208 Bone Morphogenetic Proteins Genes and Neural Tube Defects

Abstract

Neural tube defects (NTD) are among the most common and severe congenital defects. The genetic background of a failure in the neural tube closure, which is the cause of NTD remains unknown. Among potential candidate genes which may contribute to the etiology of these defects the family of BMP (bone morphogenetic proteins) genes is considered. The aim of the study was to analyze the possible causative role of mutations of the BMP-2, BMP-4 and BMP-9 genes in the development of NTD. Methods: Genomic sequences of the BMP-2, BMP-4 and BMP-9 genes were amplified by means of PCR technique and subsequently screened for mutations (denaturating high-performance liquid chromatography - DHPLC) in children with NTD. DNA fragments showing an abnormal DHPLC pattern were further directly sequenced to confirm the presence of the mutation. Subsequently, the frequency of the variant was analyzed and compared between the tested group of patients and the control group. Results: 112 children with NTD were enrolled to the study. The control group consisted of 110 healthy children. No mutations were detected within the BMP-2 gene and 1 silent polymorphism (C>T transition in the 142nd codon of the 2nd exon of the gene, no change in protein sequence) was found in the BMP-9 gene.

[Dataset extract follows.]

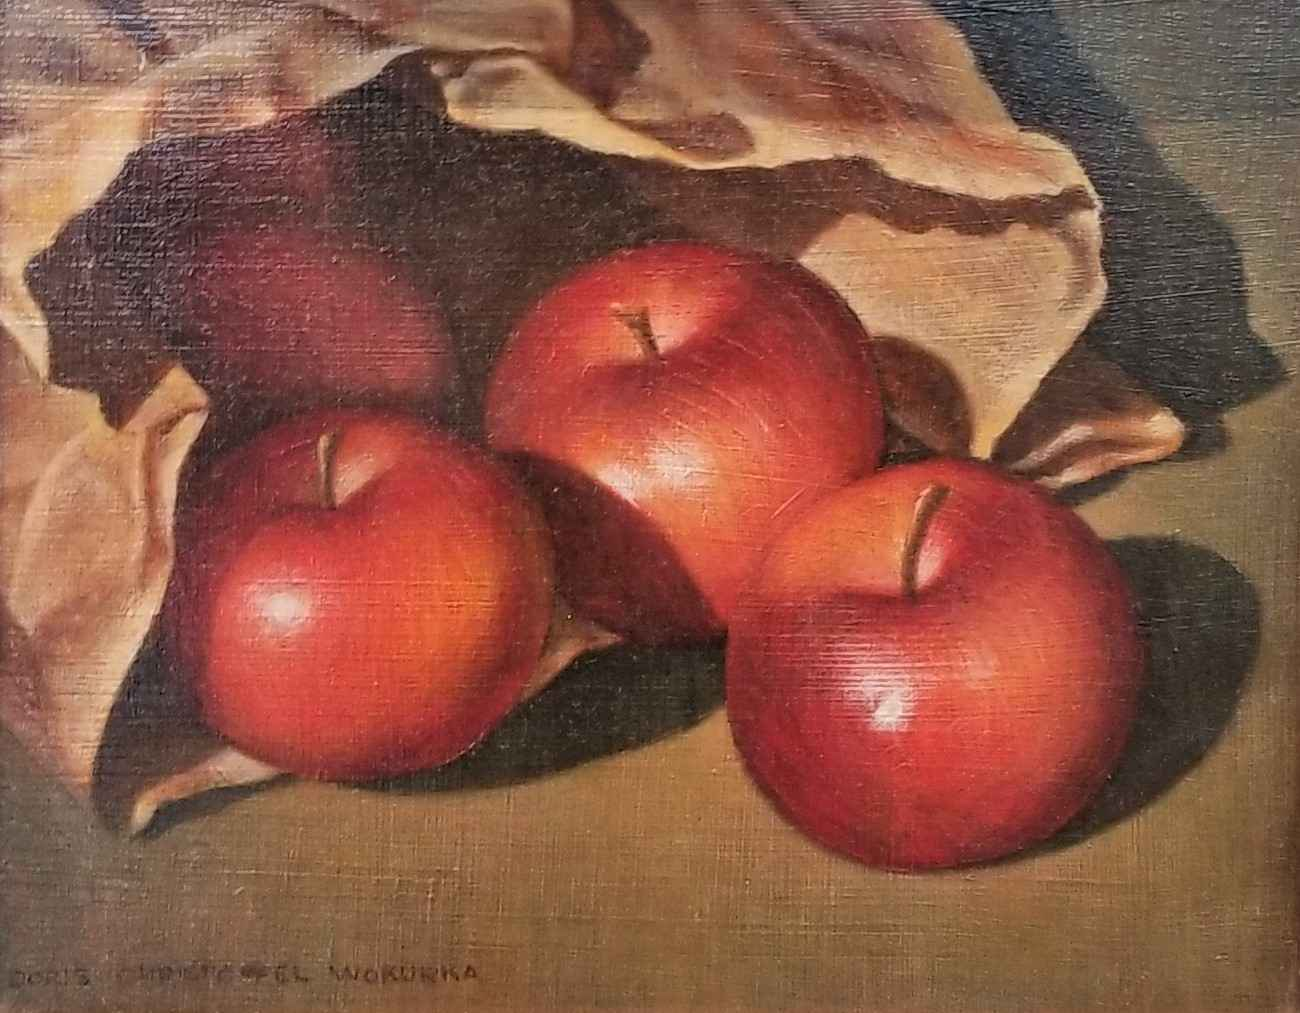 Untitled (Red Apples ... by Ms. Doris Wokurka - Masterpiece Online

In the BMP-4 gene, the polymorphism was found (538T>C transition with subsequent change of the protein sequence: 147Valine>Alanine). The frequency of 538CC homozygotes in the NTD group was higher (34.8%) than in the controls (26.4%), but the difference did not reach statistical significance (odds ratio 1.49; 95% confidence interval 0.84–2.63; p value in chi-square test 0.17). Conclusion: No mutations within the BMP-2, BMP-4 and BMP-9 genes were detected. The role of these genes in the development of NTD remains uncertain. The study was sponsored by a grant from State Committee for Scientific Research (No. 3P05E13823).